Нам с Максимом было чуть легче: не сговариваясь, мы уставились прямо друг на друга, изо всех сил сдерживаясь, чтобы не прыснуть от смеха. А вот Наташа явно места себе не находила, разрываясь между диким любопытством, желанием тут же прокомментировать падение первой линии выстроенной ими обороны и попытками не выдать собственного смущения вперемешку с торжеством.
— Меня поставили в состав дежурных на дискотеке, — подал голос Слава, — а раз я сам не смогу пить, то и другим постараюсь не дать.
— Ты превращаешься во второго Иванова, — скорчила недовольную гримасу Колесова, — а нам и одного слишком много.
— Мы просто очень заботимся о том, чтобы ты как можно скорее встала на путь истинный, — протянул Максим, схватив отложенное ею в сторону яблоко и подбросив в воздух. — Готовы даже себе отказывать в удовольствиях ради тебя.
— Я, кстати, готов ещё отказаться от счастья вырезать из цветной бумаги сердечки для украшения гимназии и доверить это дело тебе. Трудотерапия — самое верное средство излечения, — с издевательской ухмылкой добавил Слава и, отобрав у Максима яблоко, тут же вгрызся в него зубами.

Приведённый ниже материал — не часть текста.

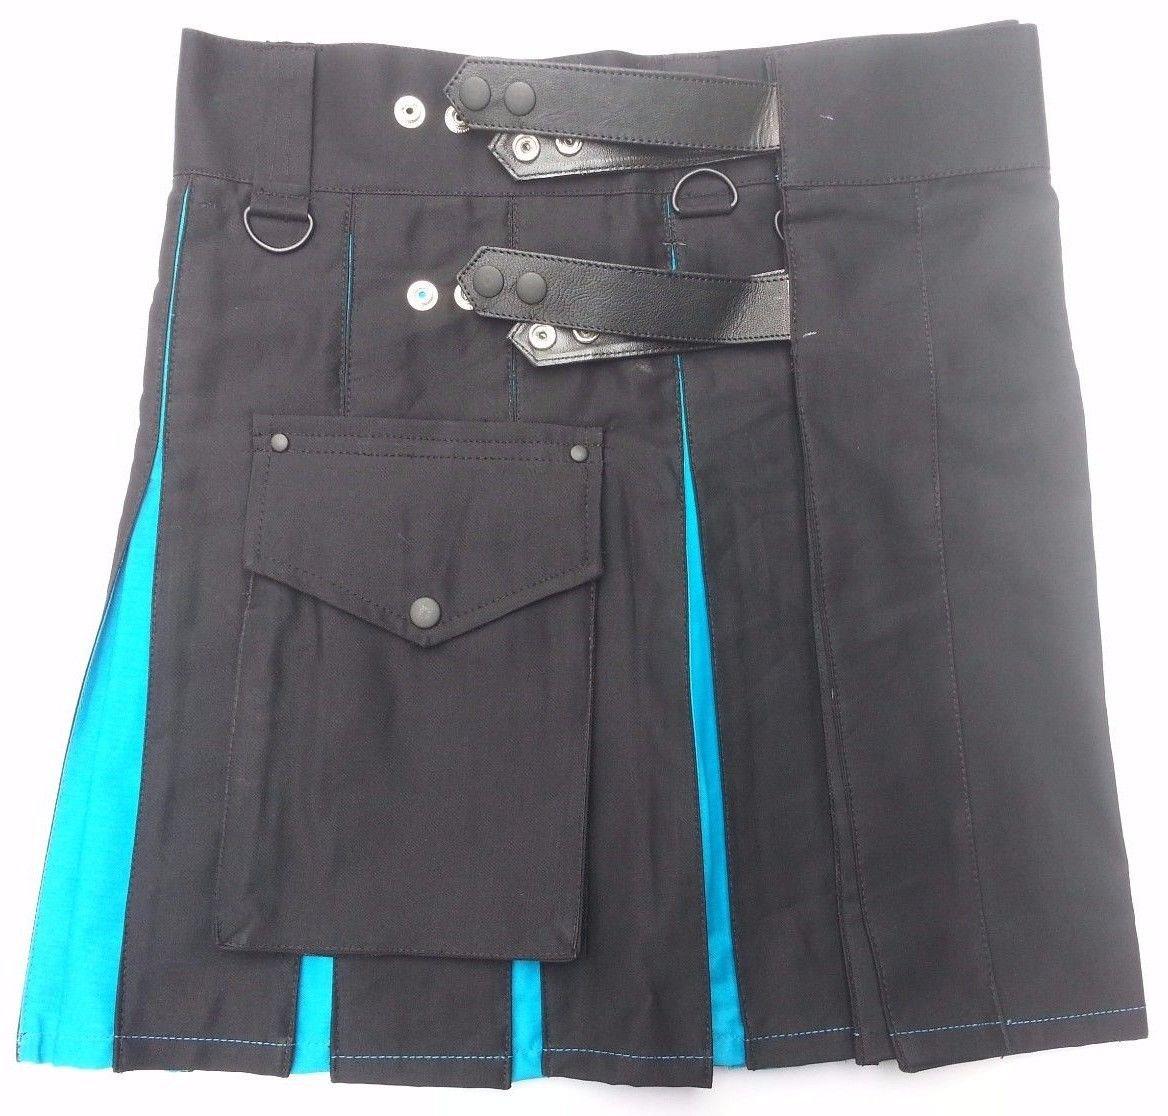 """30"""" Ladies TDK Black & Blue Cotton Hybrid Kilt, Leather Straps Tactical Duty Kilt Black/Blue Cotton"""

— Не буду я ничего делать, даже не надейтесь, — Натка откинулась на спинку стула и скрестила руки на груди, игнорируя раздражающе-довольные улыбки Иванова и Чанухина.
— Скажешь об этом завучу, она тебя после уроков ждёт для выдачи материалов, — Слава и бровью не повёл, глядя, как она закипает от злости и при этом не находит слов, чтобы выразить своё негодование.